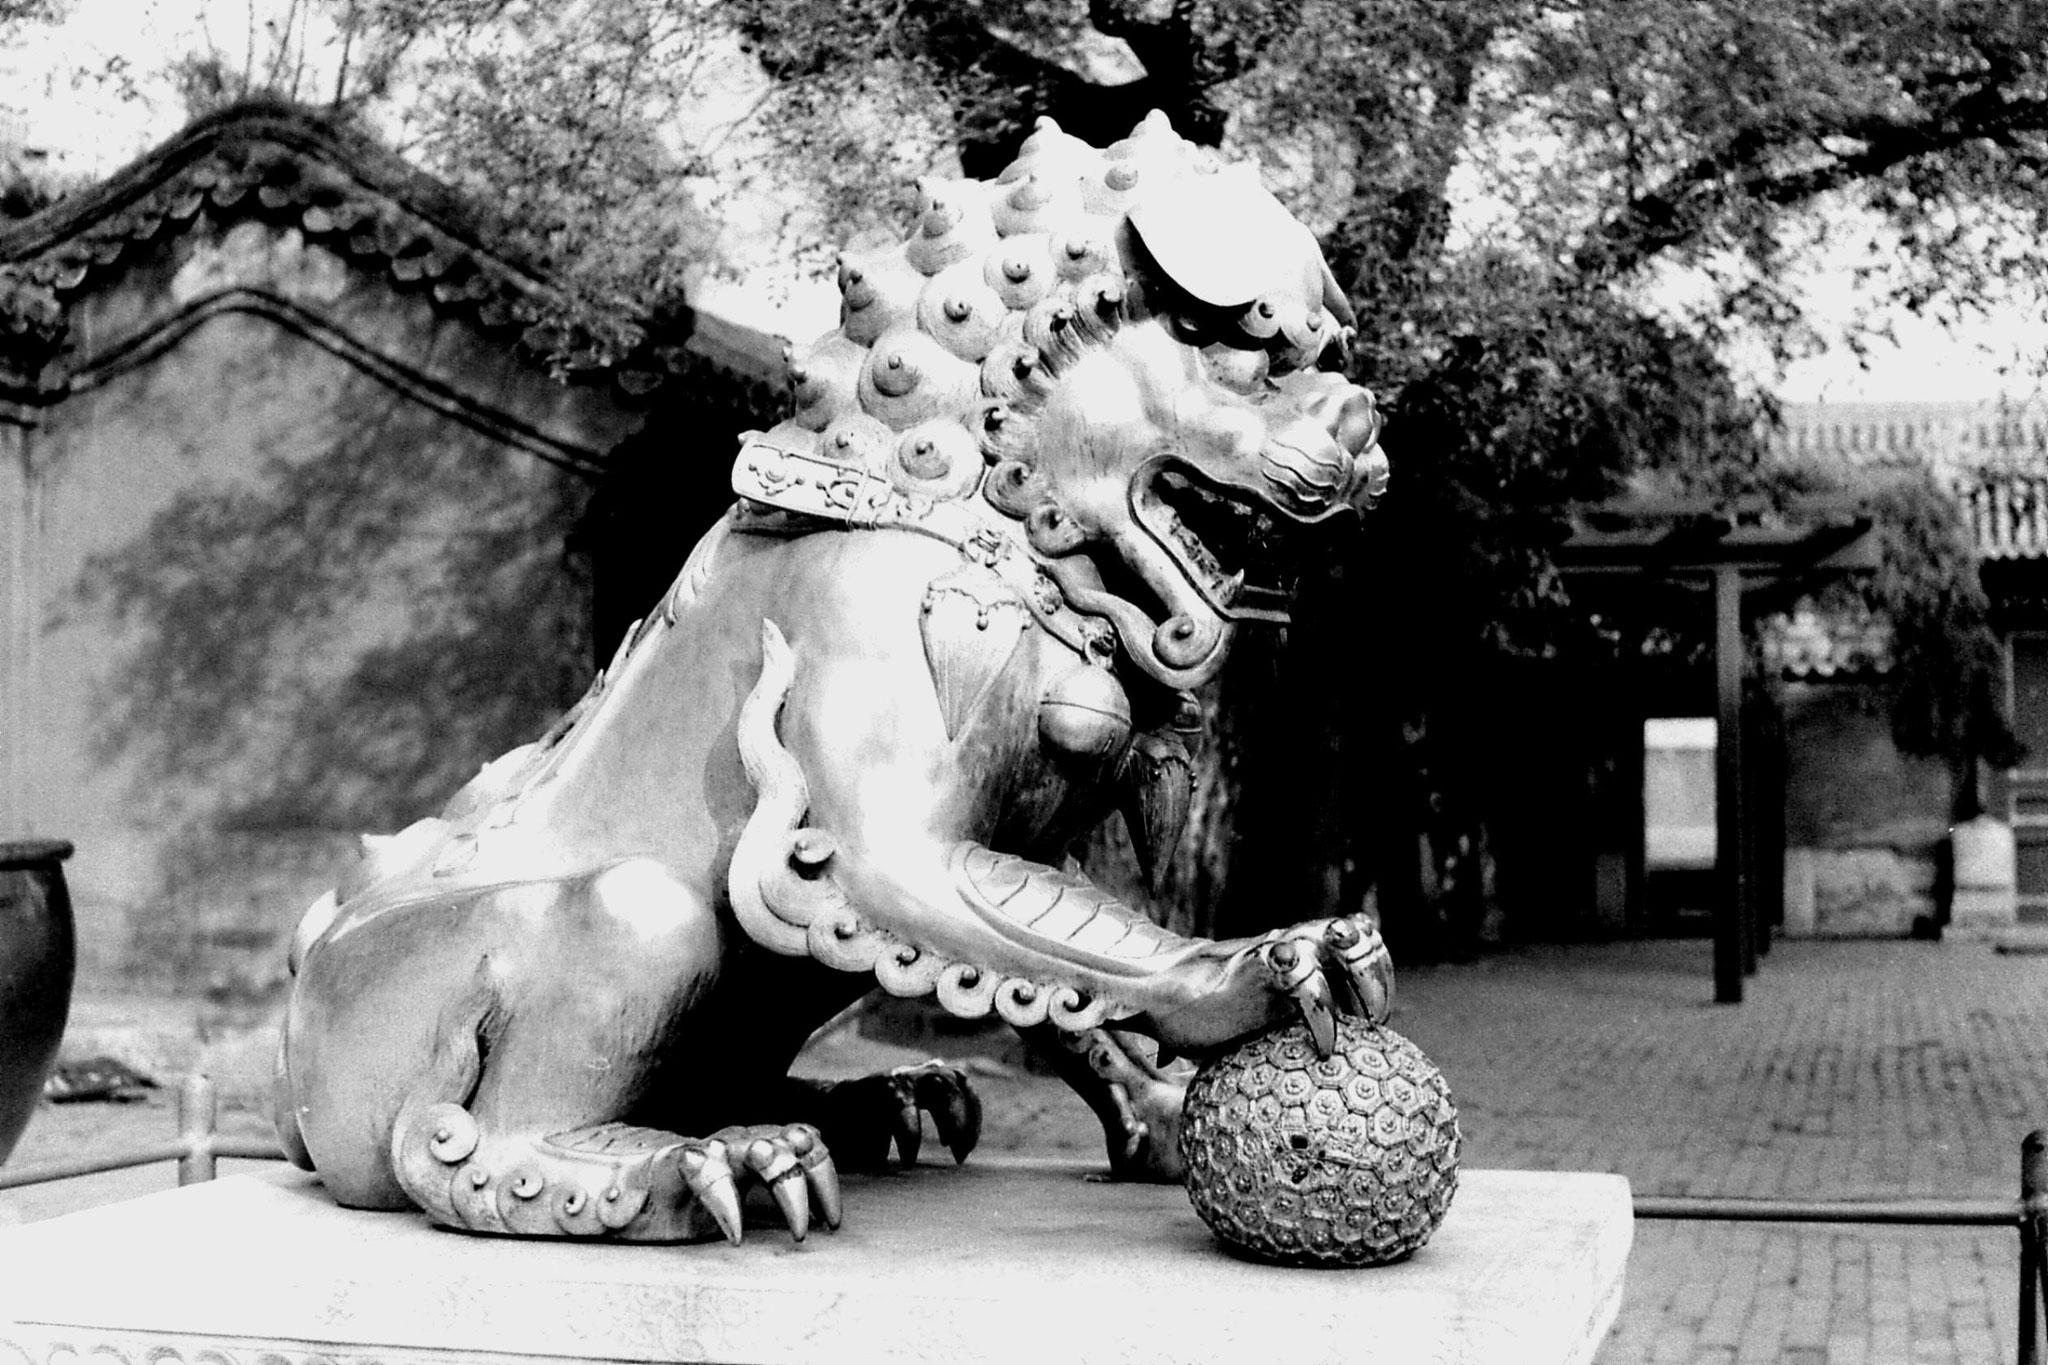 30/10/1988: 3: bronze lion
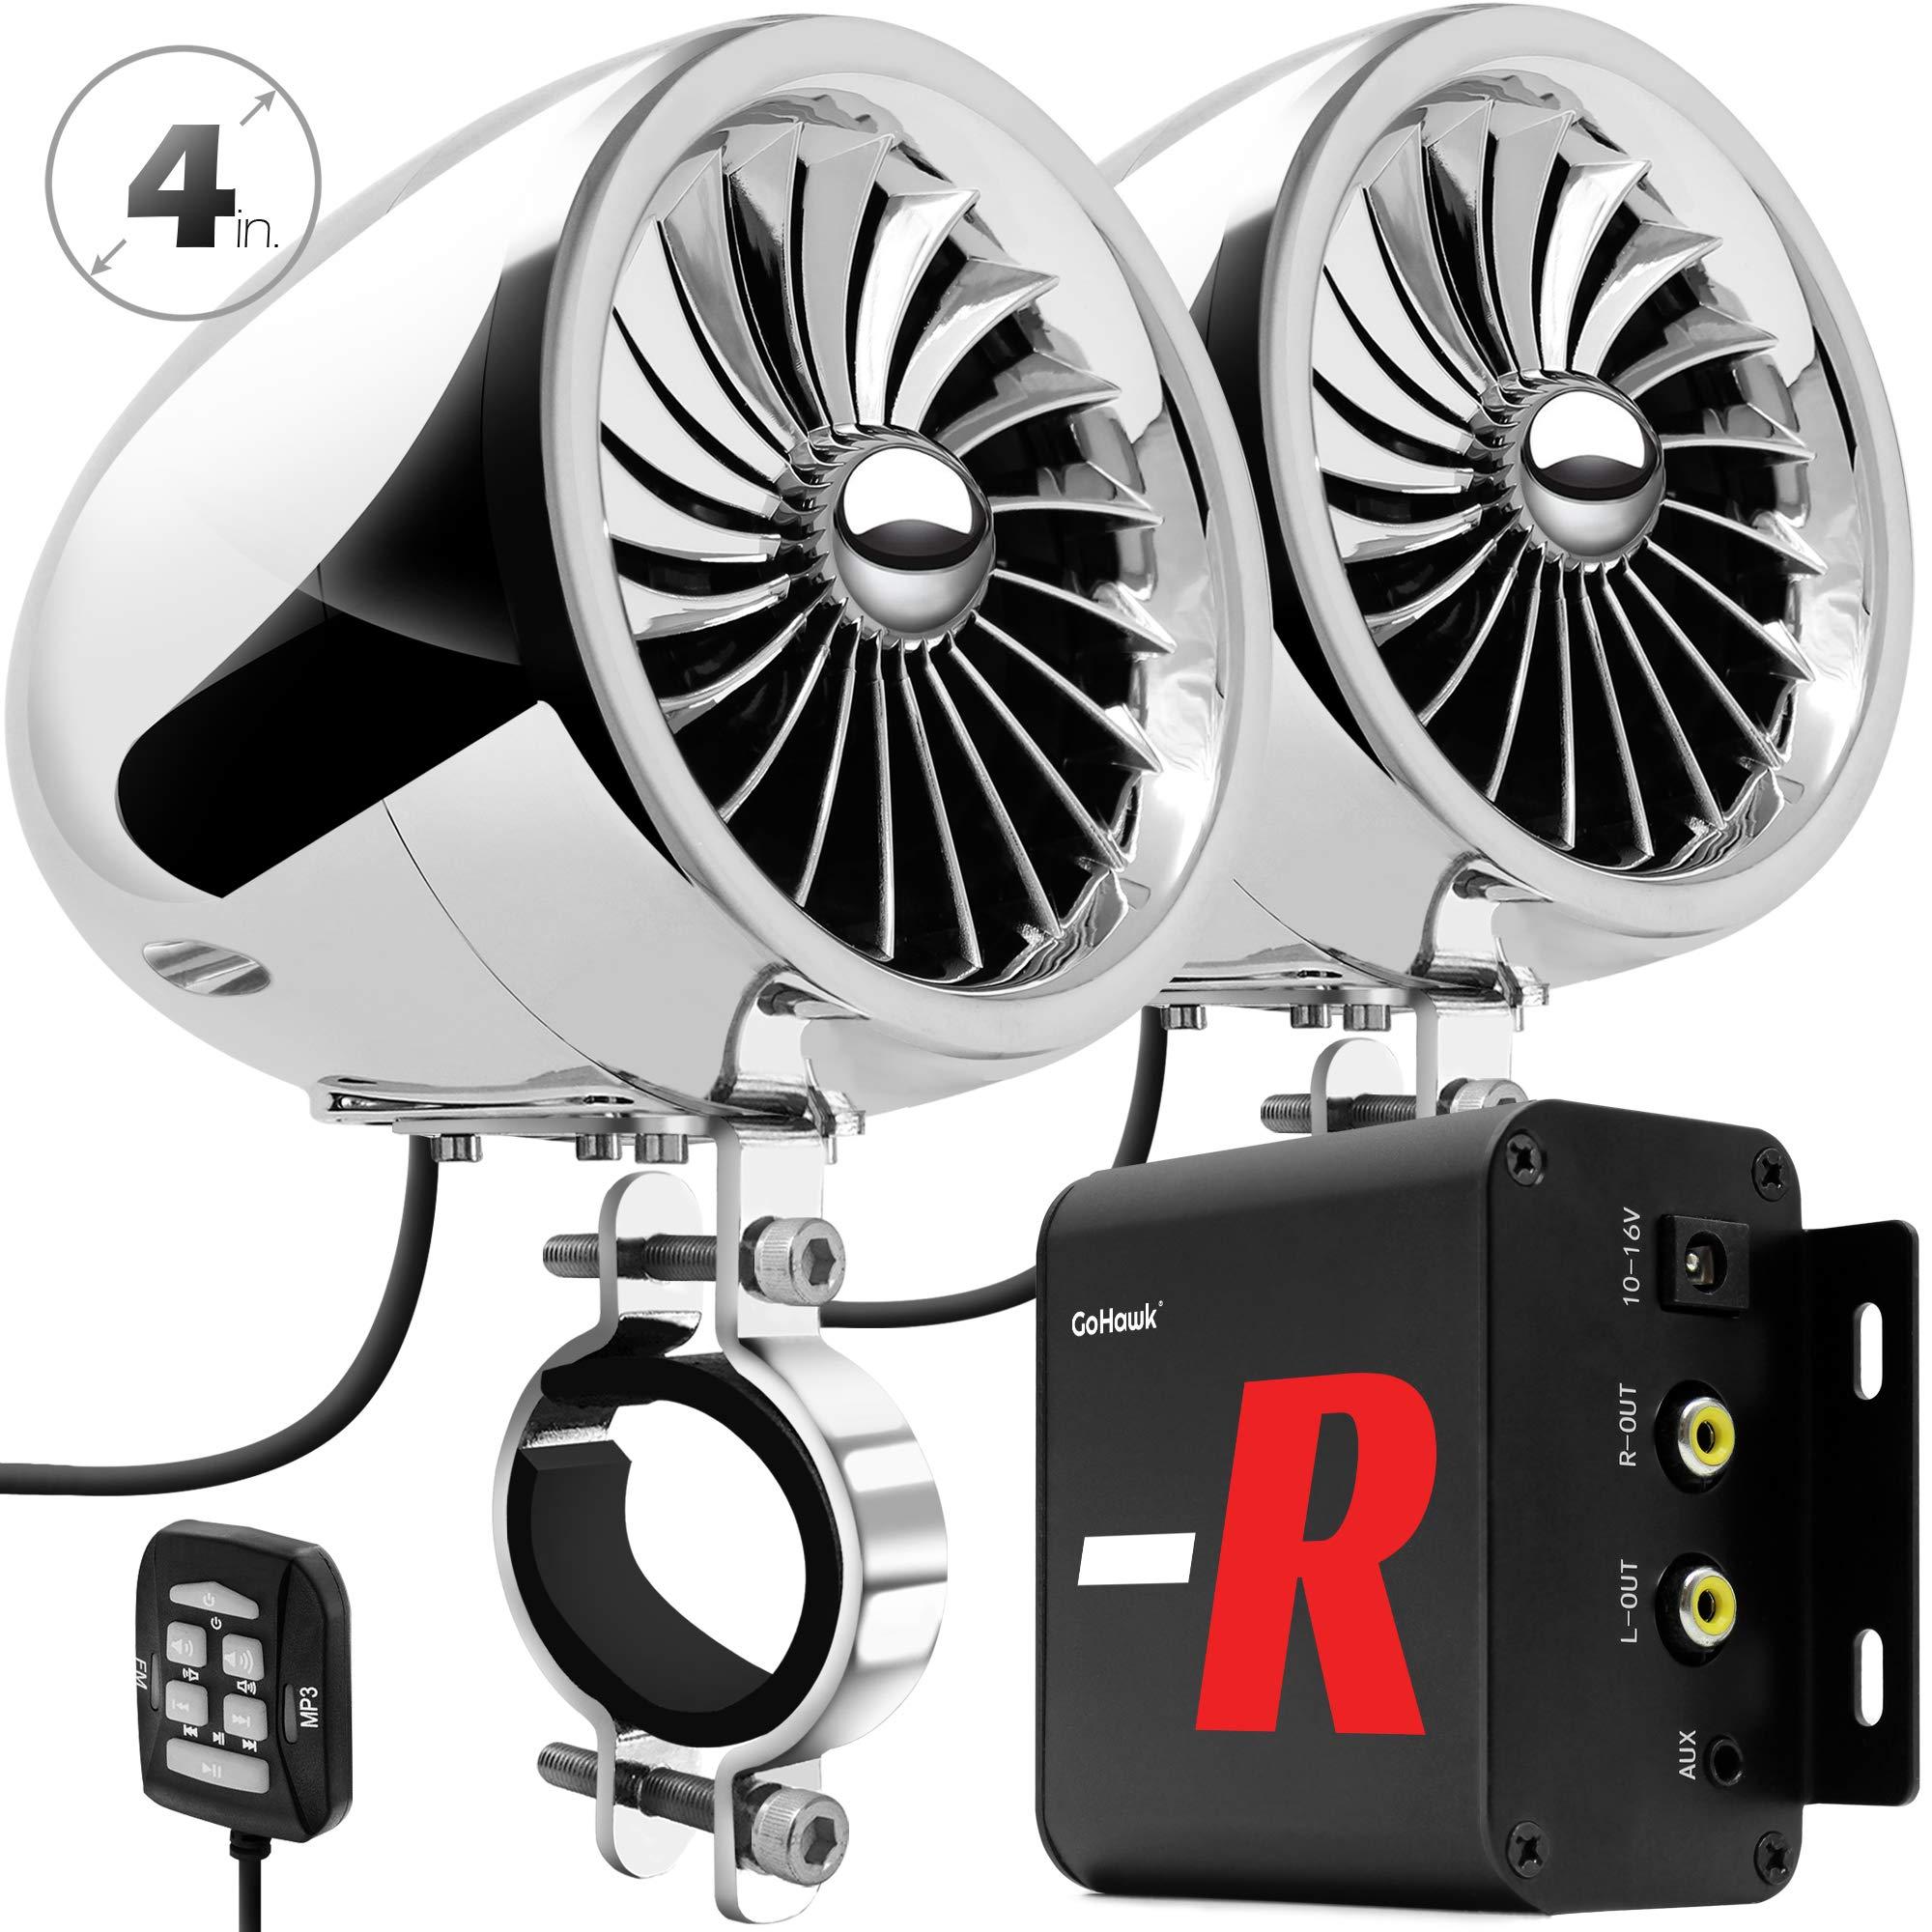 GoHawk TJ4-R Amplifier 4'' Full Range Waterproof Bluetooth Motorcycle Stereo Speakers 1 to 1.5 in. Handlebar Mount Audio Amp System Harley Touring Cruiser ATV UTV RZR, AUX, FM Radio
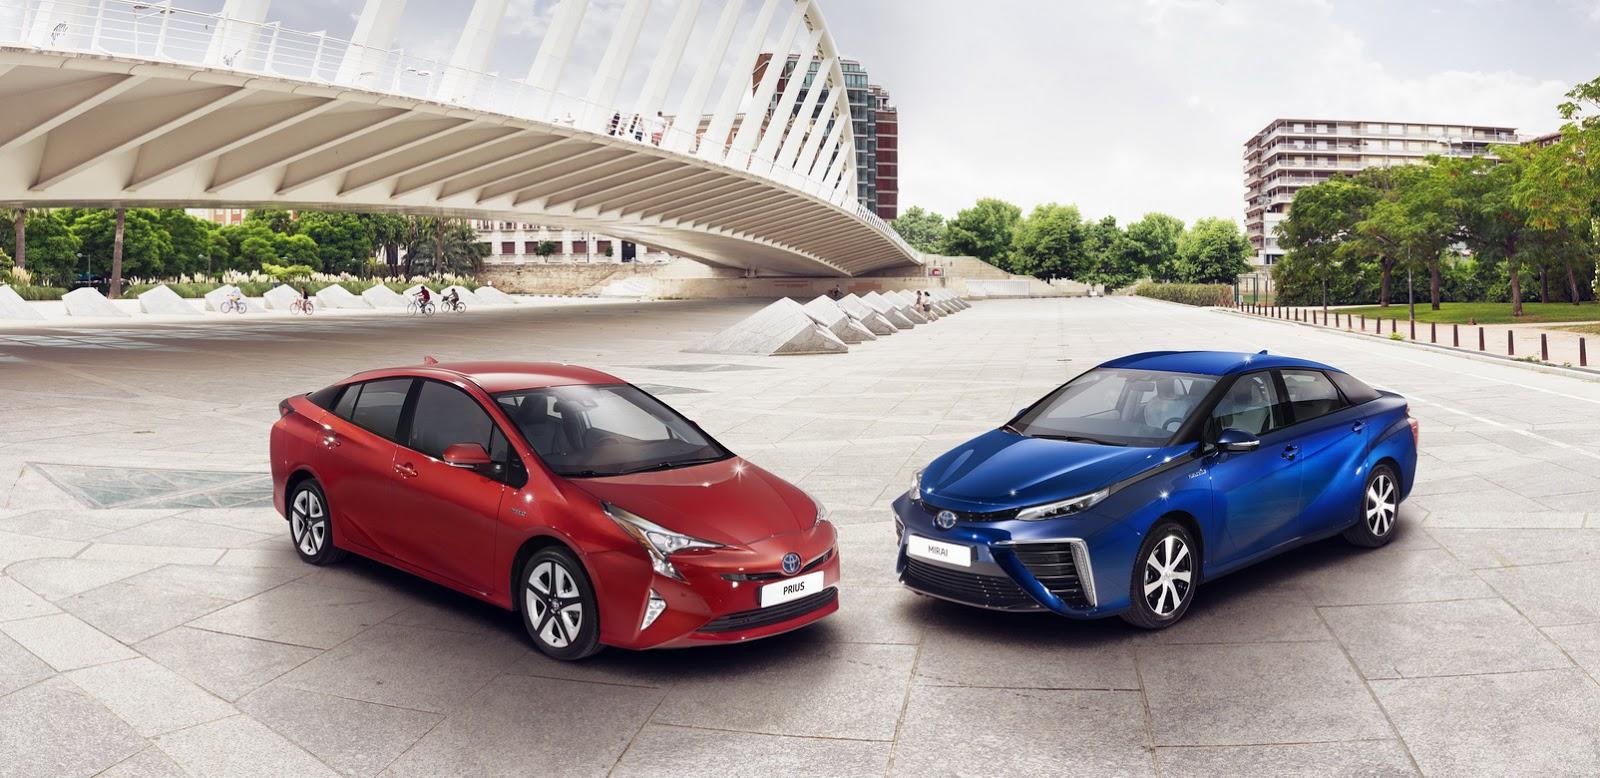 Nuova-Toyota-Prius-2016-12

Directions -
Begin at the line that contains "GoHawk TJ4-R Amplifier" and transcribe every line through the end of the listing, exactly as written. Omit the pictures.

Reply to the task -
 GoHawk TJ4-R Amplifier 4'' Full Range Waterproof Bluetooth Motorcycle Stereo Speakers 1 to 1.5 in. Handlebar Mount Audio Amp System Harley Touring Cruiser ATV UTV RZR, AUX, FM Radio
 Nuova-Toyota-Prius-2016-12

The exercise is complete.